## SUPPLIED RECORDS
•••

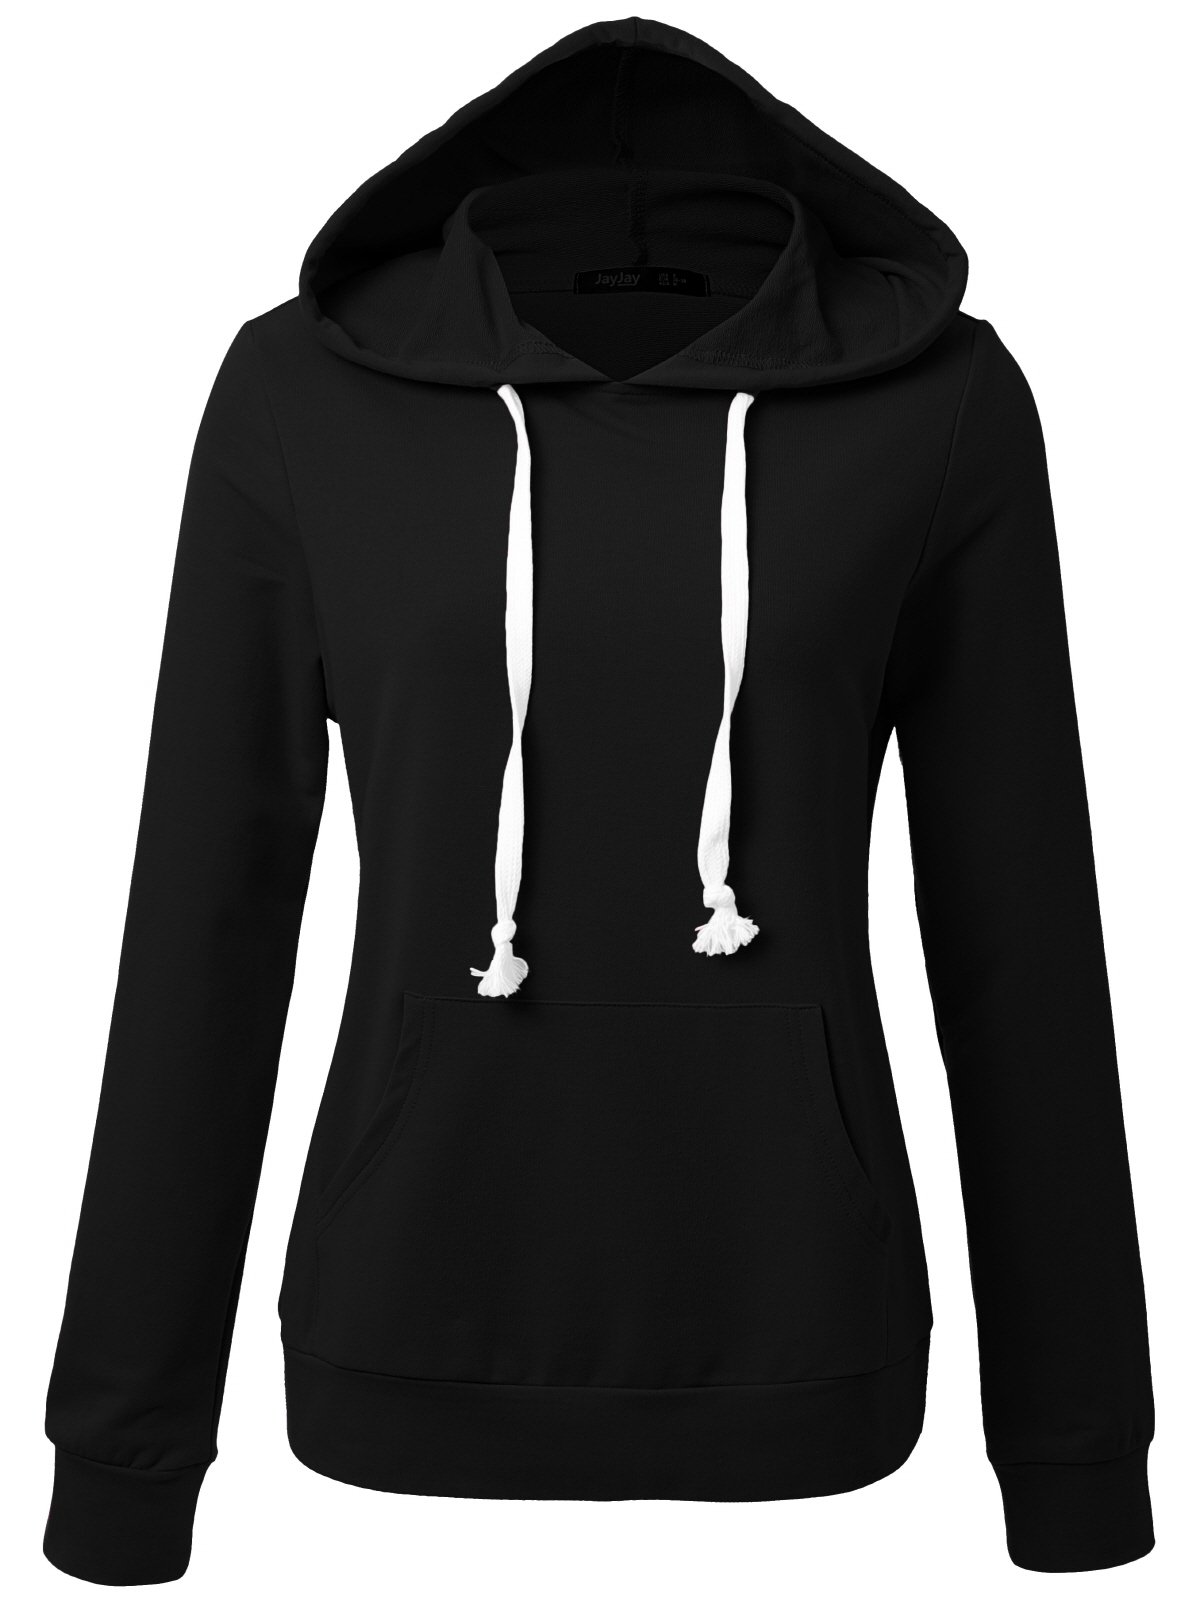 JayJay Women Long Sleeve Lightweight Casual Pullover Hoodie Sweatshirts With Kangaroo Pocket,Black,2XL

•••

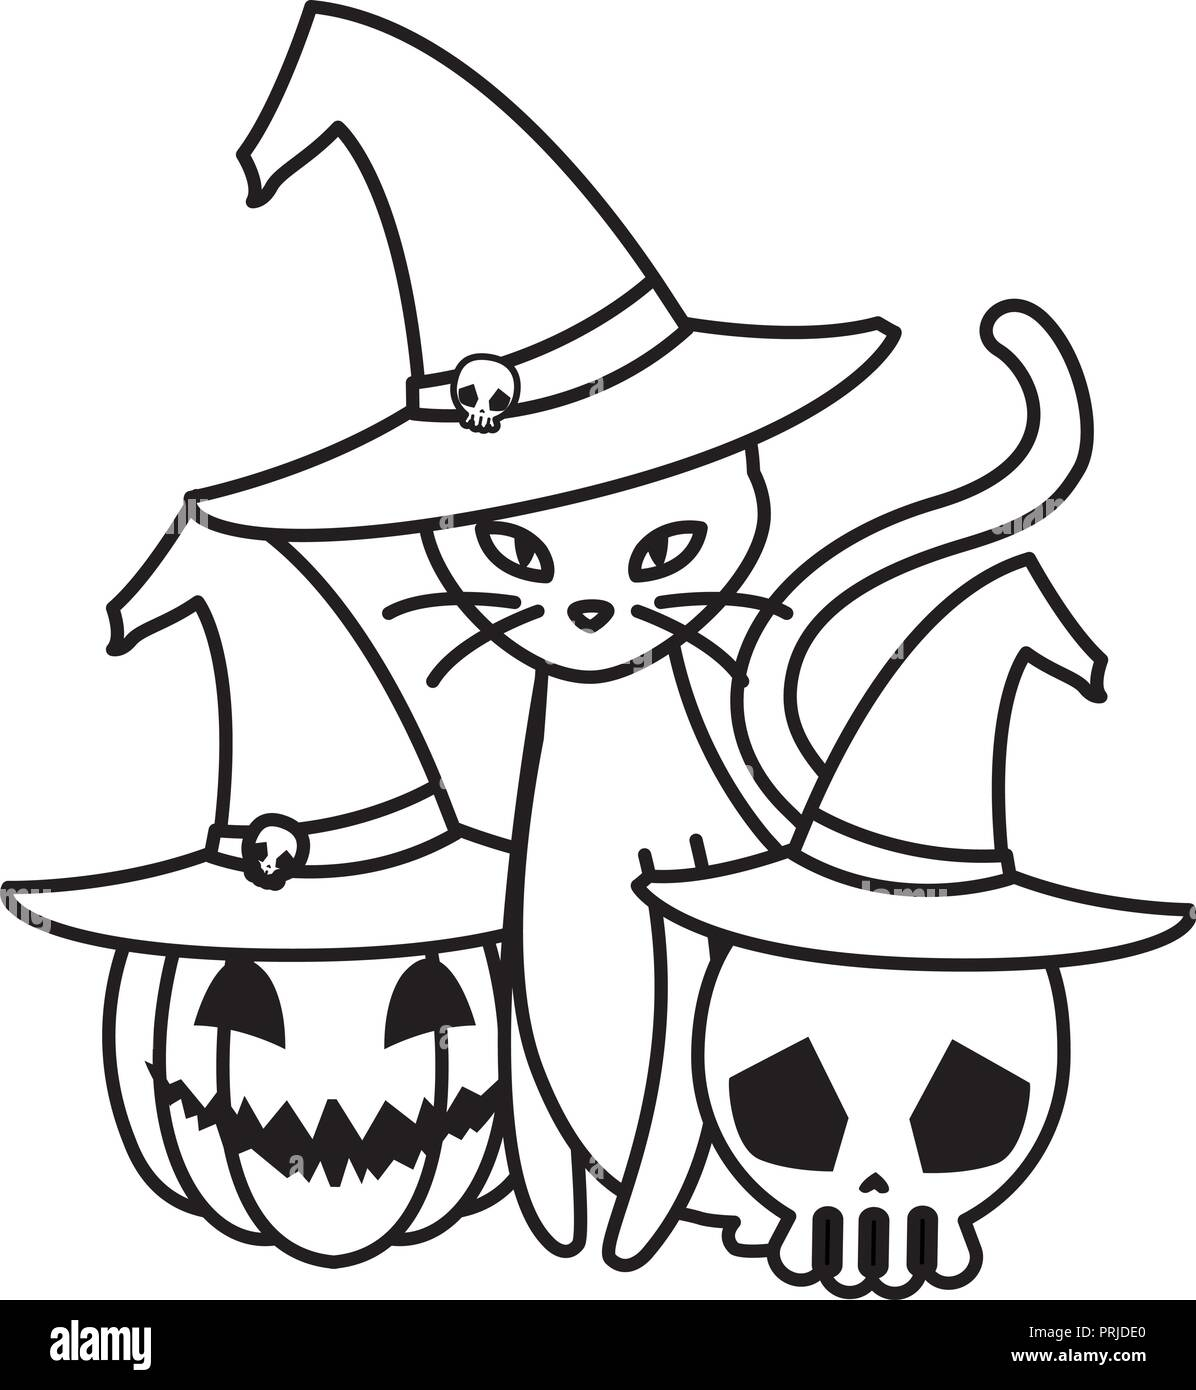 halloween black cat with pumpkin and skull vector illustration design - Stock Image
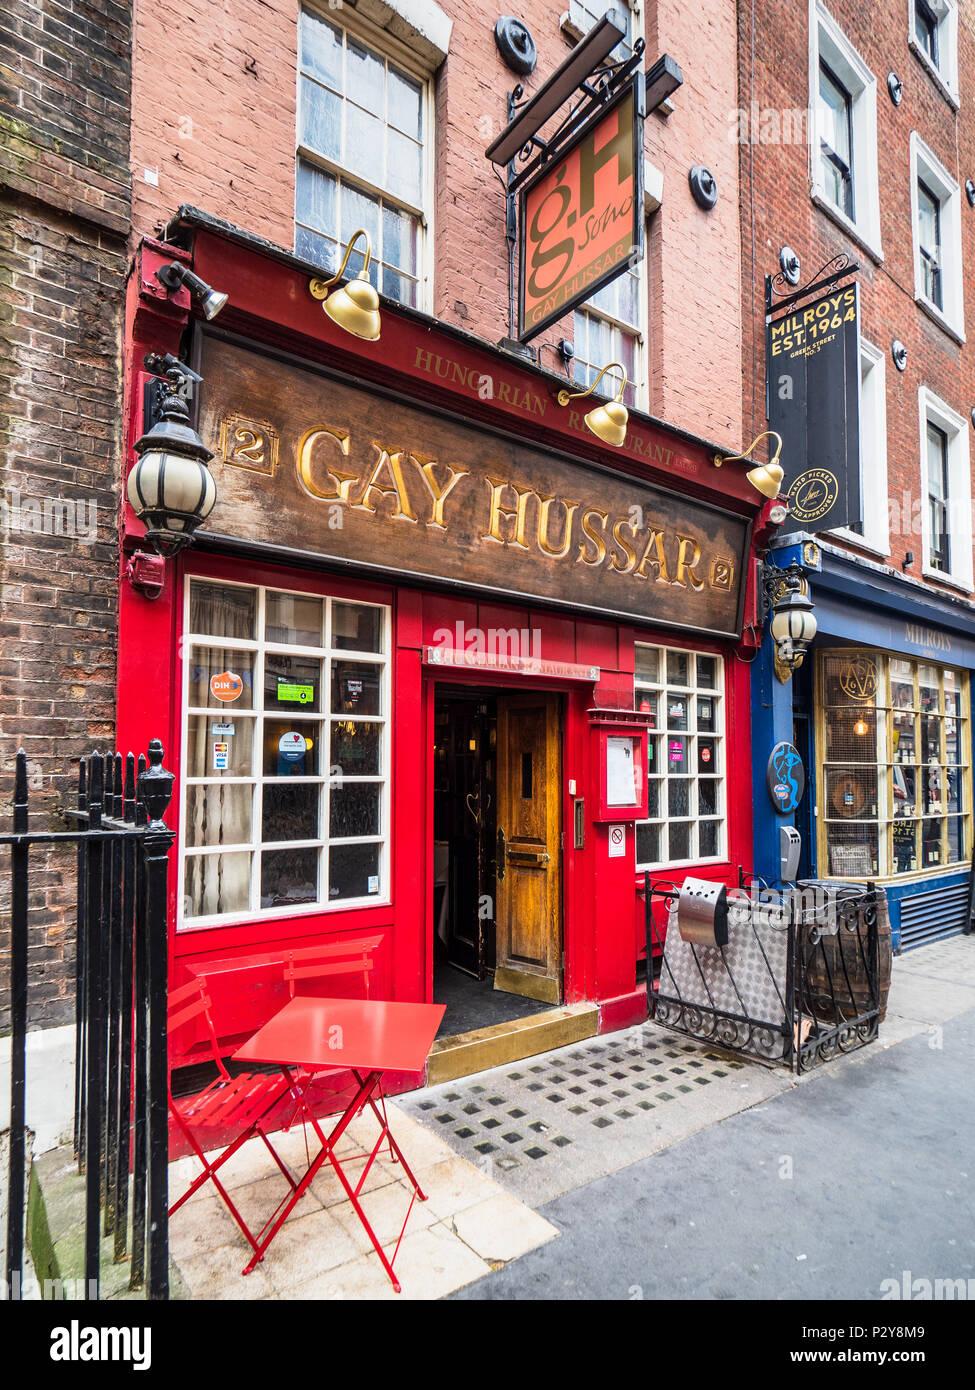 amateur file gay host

•••

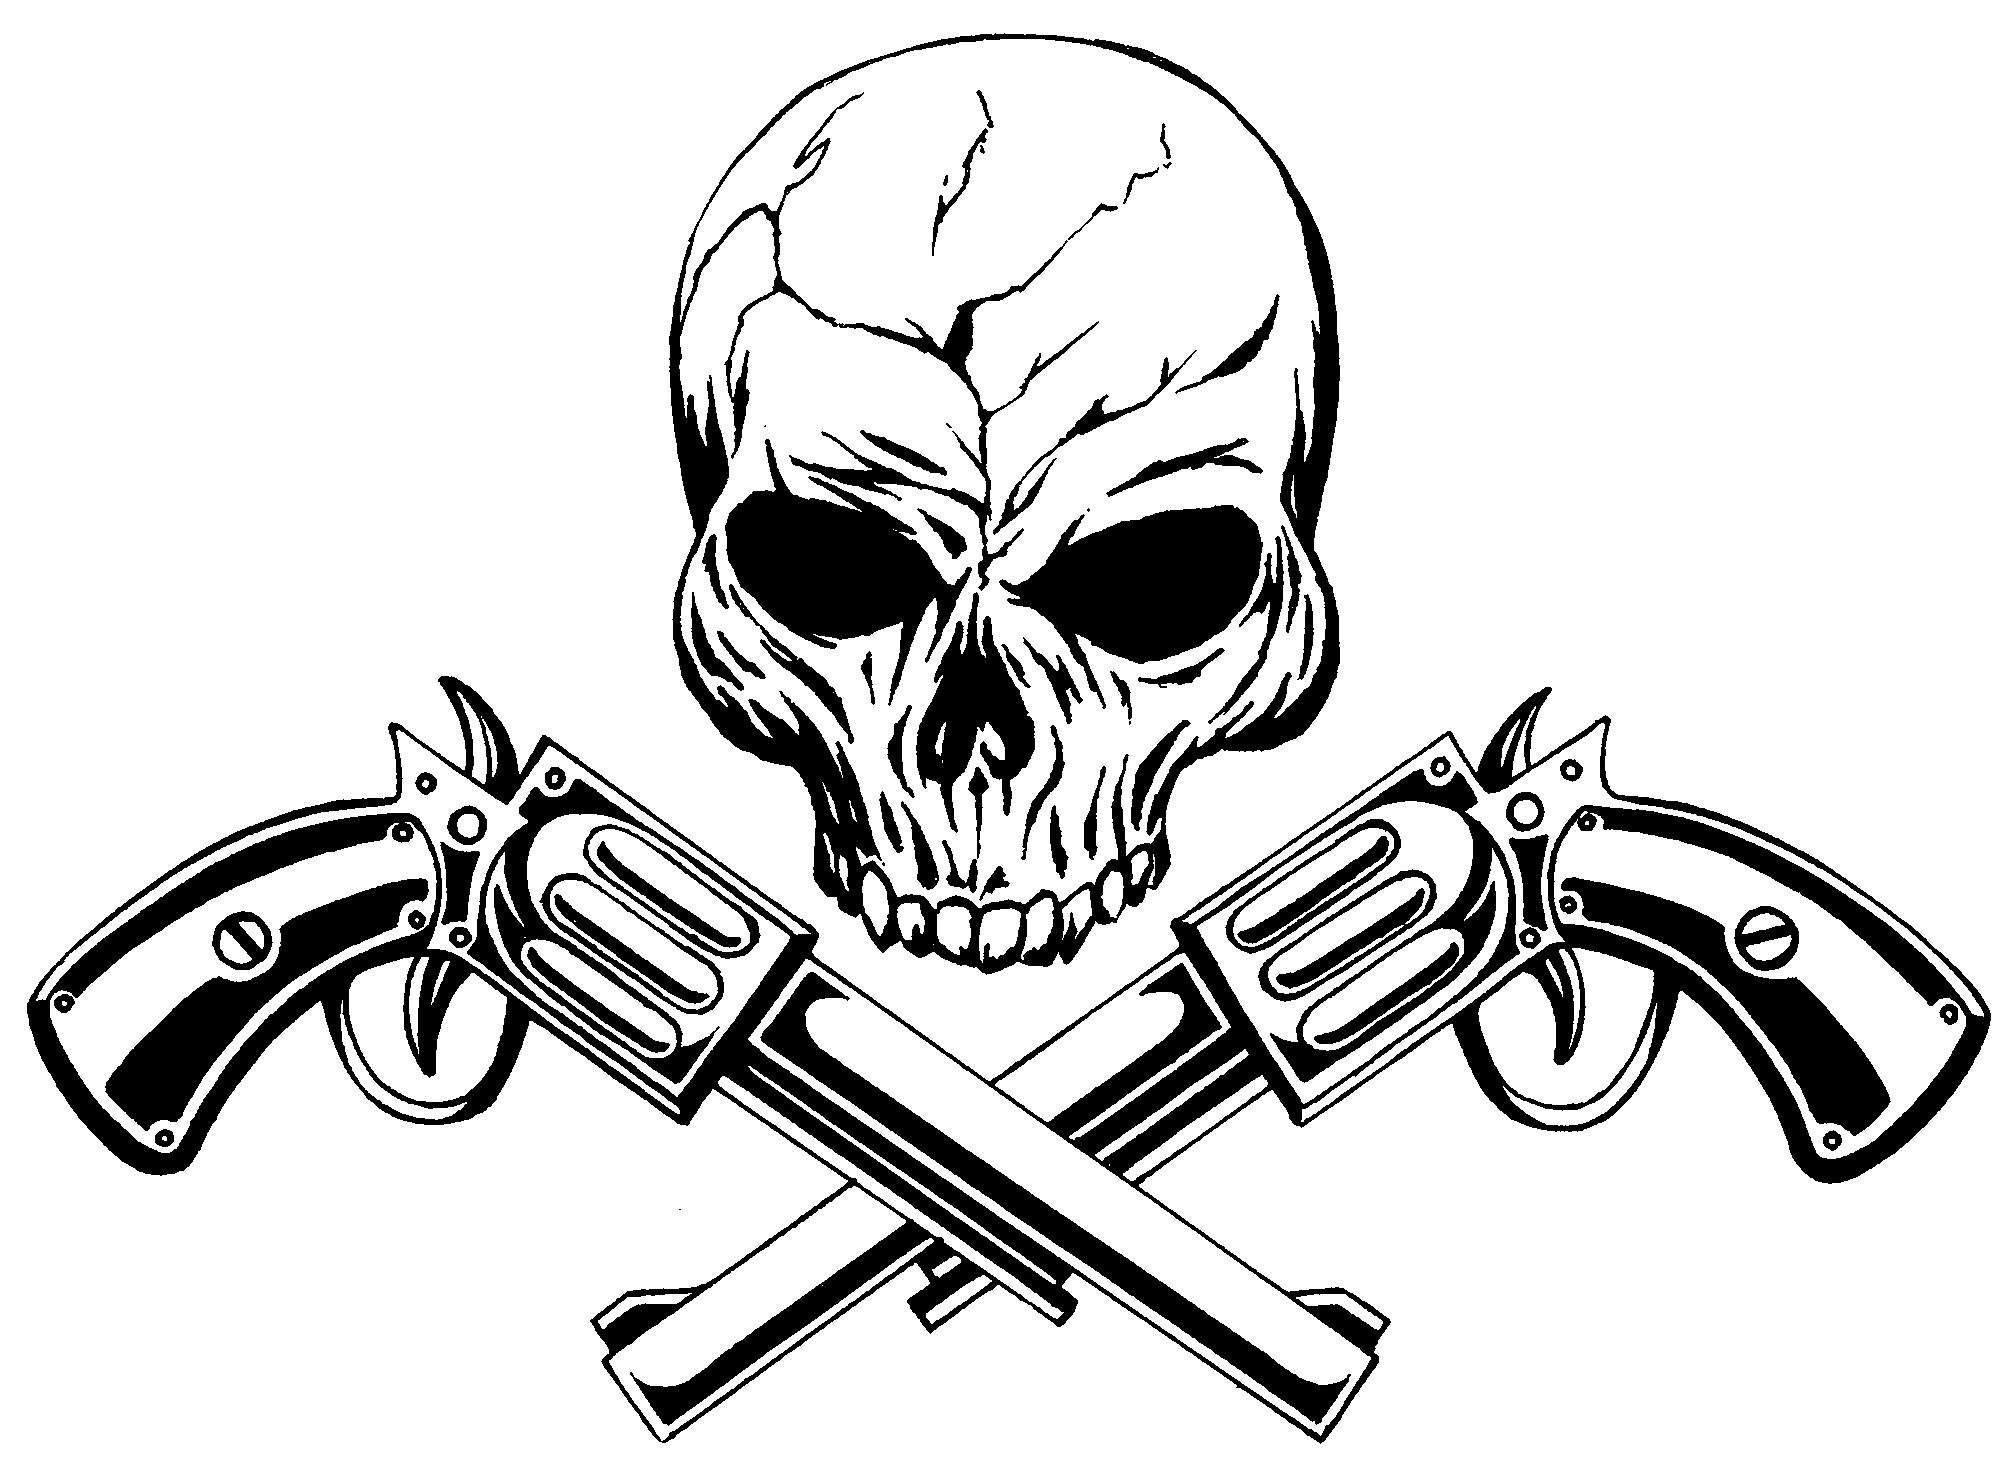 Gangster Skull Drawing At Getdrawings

•••

## EXERCISE OBJECTIVE
From the records above, extract the lines from the one holding "halloween black cat" through the one holding "amateur file gay host", word for word; omit the pictures.

## SOLUTION FOR THIS TASK
 halloween black cat with pumpkin and skull vector illustration design - Stock Image
 amateur file gay host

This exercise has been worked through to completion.